Can you make sure that TOOL 0 of the robot is defined, including the center of gravity and inertia. There is a function to help you estimate the tool load. I'm attaching a document with the instruction. Tool load automatic measurement.pdf

If that doesn't work, we might need to increase the START_MAX_PULSE_DEVIATION value for larger robots.

EricMarcil commented 5 years ago

Sorry, correction on the last post:

We are thinking that because the robot Tool properties are defined, the control loop is not optimal and it is preventing the robot to reach its final position.

That should have been: We are thinking that because the robot Tool properties are NOT defined, the control loop is not optimal and it is preventing the robot to reach its final position.

ghost commented 5 years ago

I have completed the calibration, but the problem is still there.

-> ERROR: Trajectory start position doesn't match current position (MOTO joint order).
 - Requested start: -26377, -3191, -17956, 21, 9455, 2, 0, 0
 - Current pos: -26377, -3192, -17956, 1, 9455, 3, 0, 0
 - ctrlGroup->prevPulsePos: -26377, -3192, -17956, 1, 9455, 3, 0, 0

I've now tried to increase the START_MAX_PULSE_DEVIATION by setting the value in the Conntroller.h file to 25, but i still have the problem, even though the diviation via telnet is below 25. Do I have to manually compile the code in addition catkin_make? Sorry, I don't have much C++ knowledge.

EricMarcil commented 5 years ago

The START_MAX_PULSE_DEVIATION is part of the MotoROS driver running on the controller. You need to purchase the MotoPlus SDK in order to change and recompile the application. I'll see if I can make a copy for you as a temporary solution. But I would like to get more information to better understand what is going on.
Can you please reproduce the problem and when it occurs, on the controller pendant, set the security level to management, then select from the menu: ROBOT --> SERVO MONITOR. You should see a column indicating FEEDBACK ERROR. I would also like to have a copy of your ALL.PRM, TOOL.DAT, SYSTEM.SYS.

Please e-mail my work address directly. I don't want to post temporary version or data specific to your system directly on this message thread. eric.marcil@motoman.com

gavanderhoorn commented 5 years ago

@EricMarcil: did you ever get to the bottom of this?

EricMarcil commented 5 years ago

I have received the data from @boandlgrama but could not confirm the source of the issue from it. I've also had another customer with a similar issue. We are thinking that it might be related to the robot larger size. But I don't have any large robot at my location to run tests. I'll try to test it when I go to our main office or maybe try to get someone run the tests for me. In the mean time, we've supplied a temporary version of the driver where we've increase the START_MAX_PULSE_DEVIATION to 30. But until I know more, I don't want to make that a permenant change.
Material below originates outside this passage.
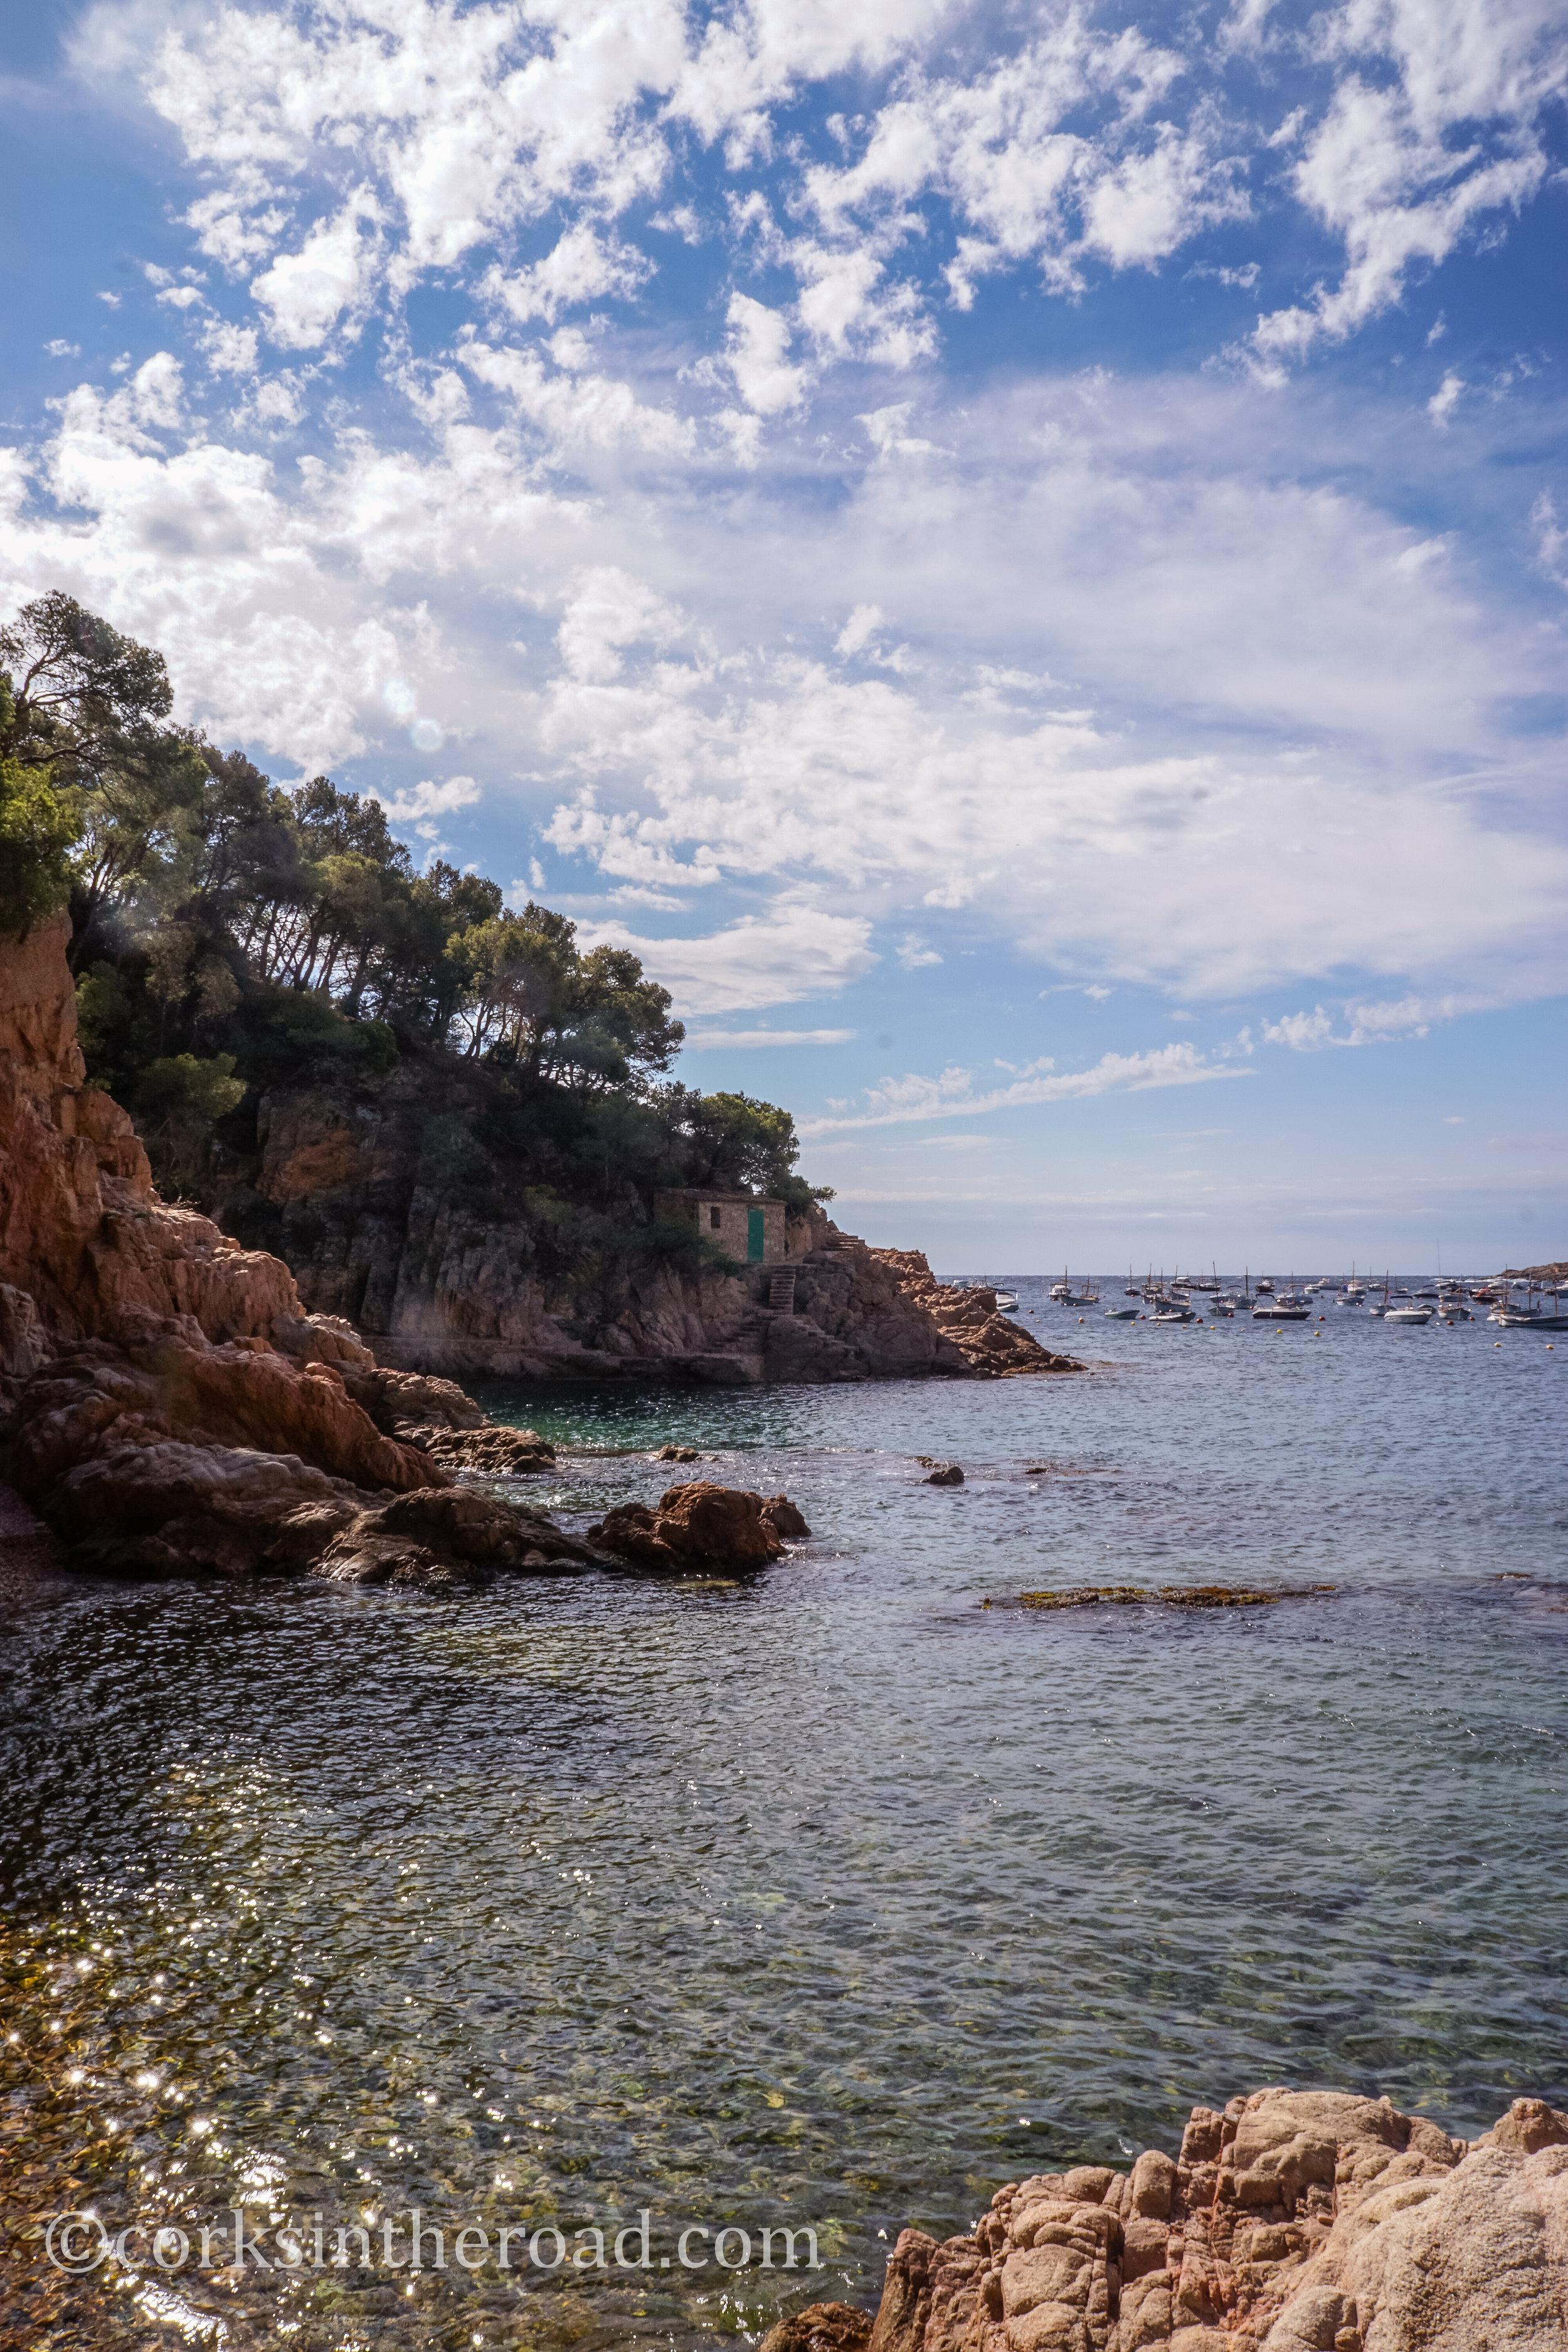 20160810Barcelona, Corksintheroad, Costa Brava, Costa Brava Landscape-7.jpg

gavanderhoorn commented 5 years ago

In the mean time, we've supplied a temporary version of the driver where we've increase the START_MAX_PULSE_DEVIATION to 30. But until I know more, I don't want to make that a permenant change.

No, indeed.

gavanderhoorn commented 5 years ago

256 seems to increase START_MAX_PULSE_DEVIATION (because of the issue reported here?).

ted-miller commented 5 years ago

256 seems to increase START_MAX_PULSE_DEVIATION (because of the issue reported here?).

Yes, there have been multiple reports of this behavior. I haven't been able to identify a root cause. But, I feel that a minor increase to START_MAX_PULSE_DEVIATION isn't going to hurt anything.

gavanderhoorn commented 5 years ago

Going to close this as it is either fixed / worked-around with the merge of #256, or is still an issue but there has not been any activity the past 8 months.

If we get more reports we can always re-open in the future.